Allah’ın son ve mükemmel kitabı Kur’an’ın bize takdim ettiği Peygamberimiz (s.a.v.) ve O’nun Sünnet’i, şüphesiz ki bizler için çok büyük önem arz eder. Zira Cenab-ı Hakk’ın kendisine vermiş olduğu yetki sayesinde O’nun Sünnet’i dinde hüccettir. Kur’an’dan sonra o gelir. O (s.a.v.), Allah’ın dinini son derece büyük bir özveri içerisinde tebliğ etmiş ve insanlığın kurtuluşu için büyük bir gayret göstermiştir. Allah’ın elçisi melek Cibril O’na gelmiş, ayetleri bizzat getirmiştir. Hayatını ortaya koyarak tebliğini devam ettirirken tehditlere karşı “bir elime ayı, diğer elime de güneşi verecek olsanız, vallahi bu davamdan asla vazgeçmeyeceğim,” diyerek azim ve gayretini ortaya koymuştur. O, Allah’ın insanlığa “rahmet olarak göndermiş” olduğu sevgili ve seçkin Peygamberidir. Salât ve selâm O’nun üzerine olsun.
Durum böyle iken ve “kendisine itaatin Allah’a itaat olduğu” Kur’an-ı Kerim’de defalarca belirtilmişken, O’nun Sünneti'ni hafife almaya çalışan insanlara rastlıyoruz. Şüphesiz ki bu, büyük bir sapıklıktır. Halbuki, Allah’ın Kitabını mü’minlerin elinden alamayacaklarını anlayan Haçlı zihniyeti, Sünnet’e yönelerek ona saldırmaya başlamışlardır. Zira Sünnet’i ortadan kaldıracak olurlarsa, artık Kur’an’la amel etme imkânı kalmayacağını çok iyi biliyorlardı. Hatta onu bile tartışmaya açmayı planladılar. Bunun için Hadislere nice iftiralar atmaya çalıştılar. Bu saldırılarını güya (!) ilmî temellere de oturtmaya çabaladılar.

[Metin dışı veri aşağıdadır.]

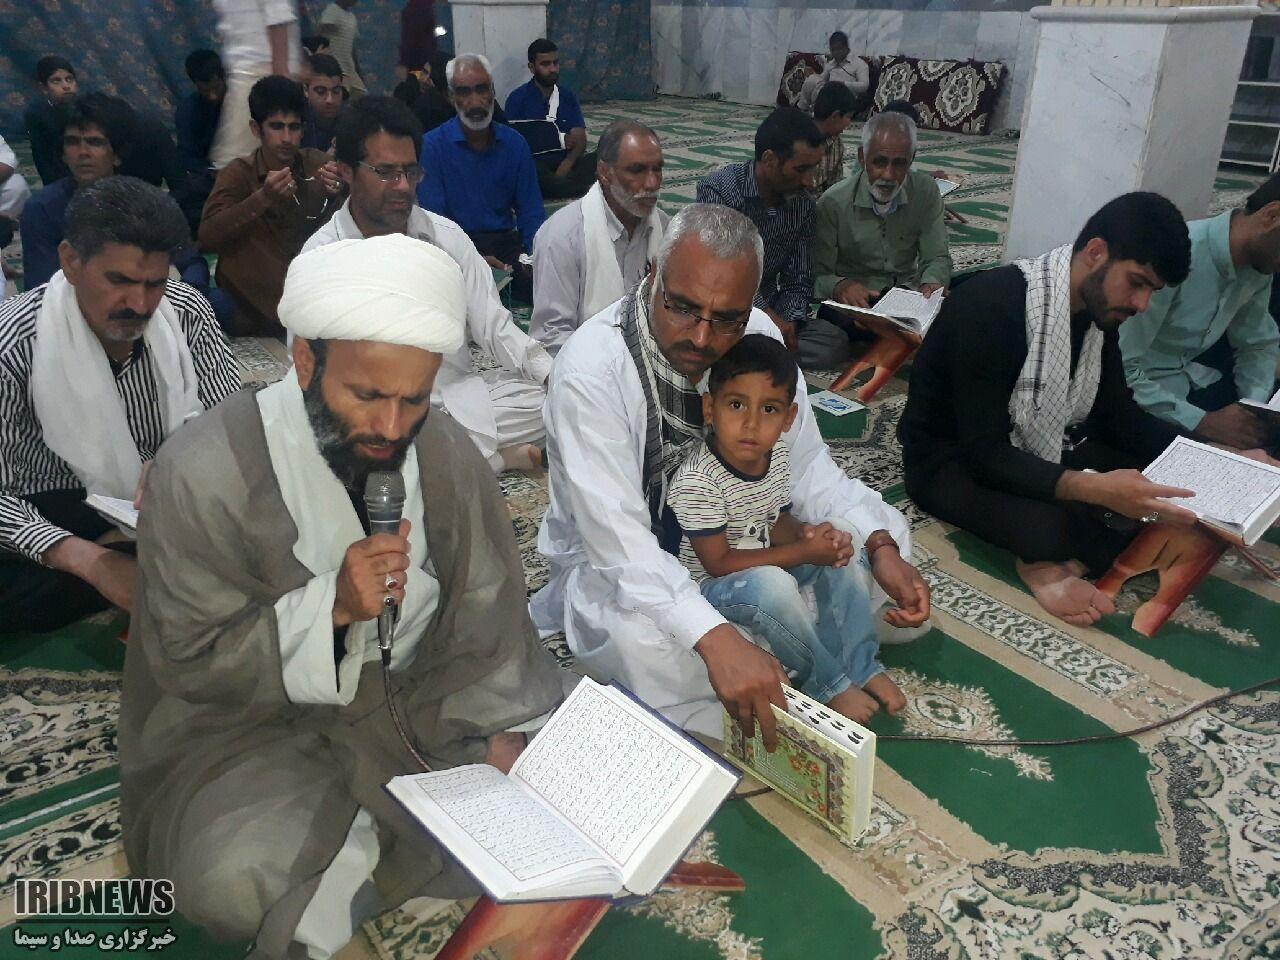 سیستان و بلوچستان، شب قدر، شب دعا، استغفار، استجابت و راز و نیاز با معبود

Ne yazık ki farklı şekilleriyle de olsa bu yıkıma katılan içimizden nice beyinsiz insanlar da kazandılar. Onlar vasıtasıyla kitap, dergi, gazete, televizyon, internet vb. yayınlarla, zehirlerini halâ kusmaya devam etmektedirler. Bu gerçeği kavrayamayan gafiller ise, bindikleri bu felâket atını sürmeye devam ediyorlar. Tabii ki bu durum, dini ilimlerde cahil olan nice insanımızın yanlış bir yola girmesine sebep olmuştur, olmaya da devam etmektedir.
Bütün bunları dikkate alarak onlara cevap veren ve Sünnet’in konumunu ortaya koyan ilim adamlarımızın gayretleri takdire şayandır. Bu çabanın devam etmesi gerekir ki, nesillerimiz sapmasınlar. Özellikle hadis sahasında otoriter olan hocalarımızın her fırsatta bu önemli konuyu anlatması ve genç nesillerle halkımızı bilgilendirmesi kendilerine bir borçtur. Çünkü bu, imanımızdır. İşte birkaç ayet-i kerime:
“(Resûlüm!) De ki: Eğer Allah’ı seviyorsanız bana uyunuz ki Allah da sizi sevsin ve günahlarınızı bağışlasın. Allah son derece bağışlayıcı ve esirgeyicidir.” (3 Âl-i İmran 31)
“Peygamber size ne verdiyse onu alın, sizi neden men ettiyse ondan geri durun! Allah’tan korkun. Şüphesiz Allah’ın cezalandırması çetindir.” (59 Haşr 7)
Bir ayet düşünün ki; “Biz seni âlemlere ancak rahmet olarak gönderdik,” (21 Enbiya 107) buyurur Rabbimiz!
Ey Sünnet’i, dolayısıyla Efendimiz (s.a.v.)’i hafife almaya çalışanlar! Ne diyorsunuz bu Hitab-ı İlahi’ye.
Sanki bir arkadaştan bahseder gibi O’ndan bahsedenler!
Allah’tan korkun! Yoksa size de mi var böyle bir iltifat ve şan? Hâşa!
O halde niye bu gaflet ve hıyanet? Allah tez zamanda tevbe nasip eylesin!
Rabbimiz bizleri ve nesillerimizi Kur’an ve Sünnet’i hakkıyla anlamış, İslâm’ı özümseyerek yaşamış, mü’minlere yol göstermiş ve bu uğurda nice çileler çekmiş Ehl-i Sünnet âlimlerimizin ve mezhep imamlarımızın yolundan ayırmasın! Anlıyoruz ki ‘Ehl-i Sünnet’ tabiri boşa denmemiş.